In early August, with the 27th Army, the division advanced towards Grayvoron in the Belgorod-Kharkov Offensive. It engaged in fierce fighting in the crossing of the Vorskla River. Grayvoron was captured on 7 August; during the battles in the area the 23rd claimed twelve enemy aircraft and 60 of its men were decorated. For most of the rest of the month, the division fought stubbornly fought for the Vorskla crossings near Akhtyrka; the crossings changed hands multiple times. During these actions the men of the 23rd often had to use their guns in direct fire mode against German tanks and infantry. In the Akhtyrka fighting the division claimed 29 German aircraft and 72 of its men were decorated.

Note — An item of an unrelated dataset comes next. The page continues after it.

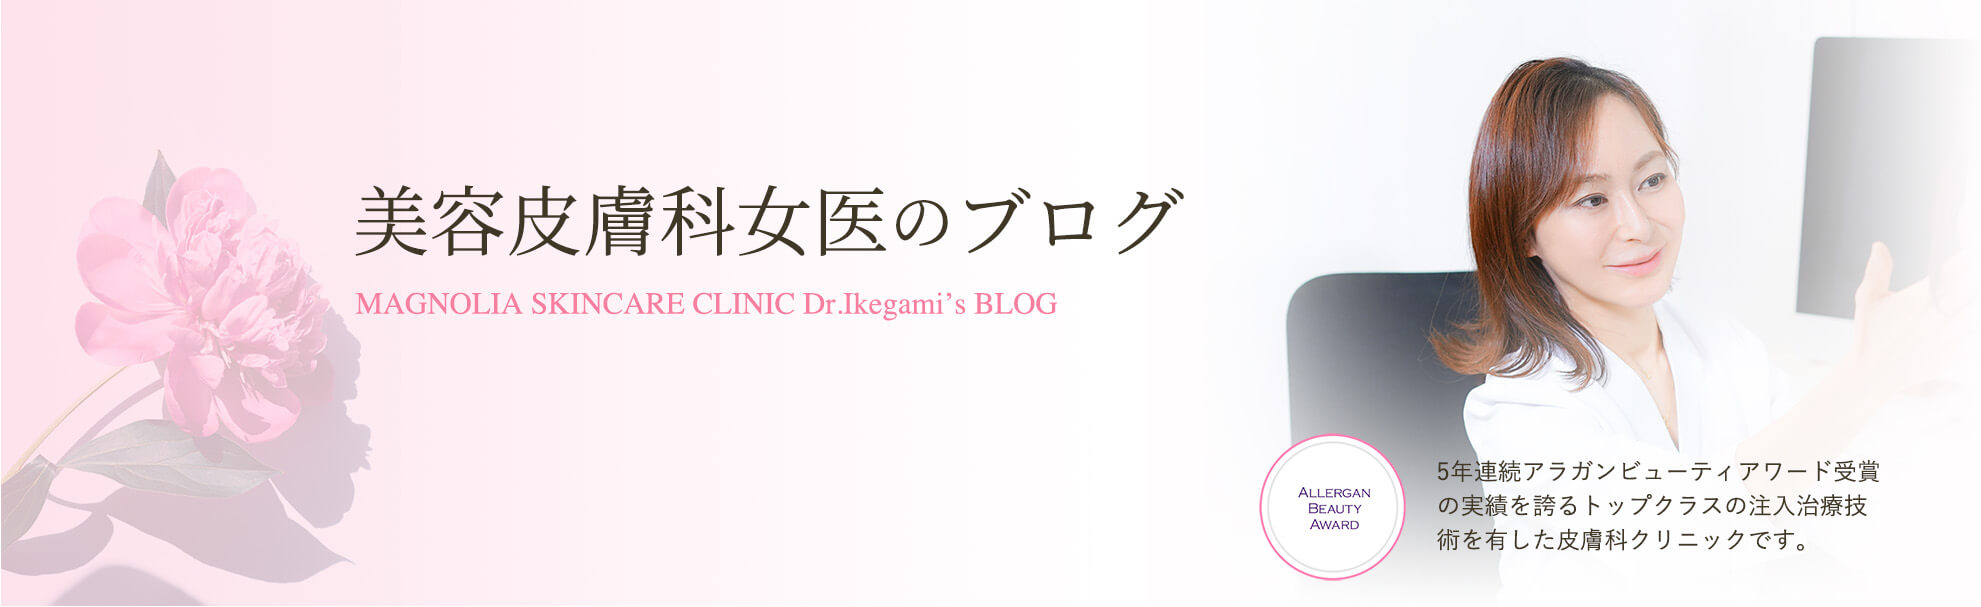 美容皮膚科女医のブログのキービジュアル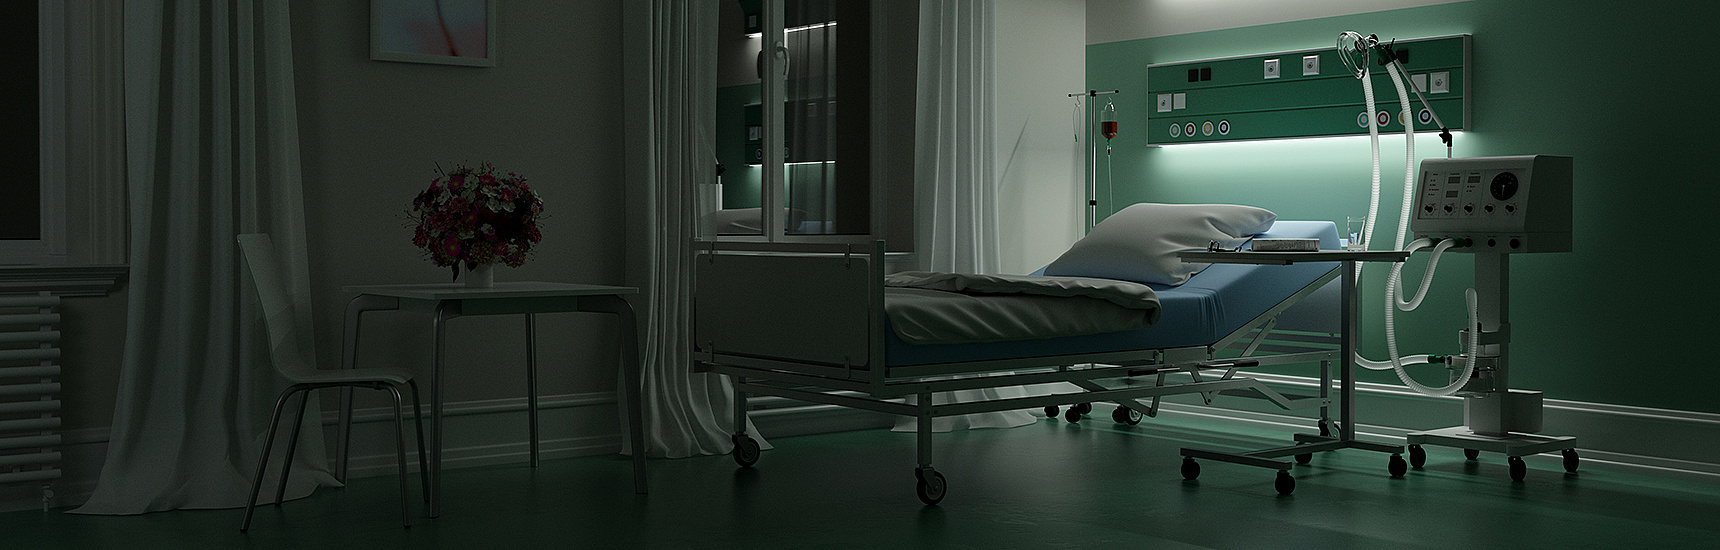 Leeres Krankenbett in dunklem Zimmer

The 23rd then fought in the Battle of the Dnieper in the fall, responsible for providing air defense for the advance and supply lines of ground forces in the area of Zarubintsy and Grigoriyevka in the battles for the Bukrin bridgehead. After the capture of Kiev in early November, the 23rd was transferred from the 27th Army to the 60th Army in December; it would serve with the latter for most of the rest of the war. On 18 January 1944, Sitnikov was killed in fighting near Polonne; he was replaced by Colonel Yakov Lyubimov, who would command the division for the rest of the war. In early 1944, the division fought in heavy fighting for Shepetovka, claiming seven enemy aircraft before the town was captured on 11 February. For their actions in the Shepetovka fighting, 32 soldiers of the 1342nd Regiment were decorated. By 1 March the 1064th Regiment was detached from the main body of the division and directly subordinated to 1st Ukrainian Front command. During the Proskurov–Chernovitsy Offensive, the division helped capture Ternopol on 19 April, and was awarded the name of the city as an honorific for its actions. By 1 June the 1064th had rejoined the rest of the division with the 60th Army. The division was split again by 1 July when the 1342nd and 1348th Regiments were directly subordinated to the front headquarters, though it was reunited by 1 August.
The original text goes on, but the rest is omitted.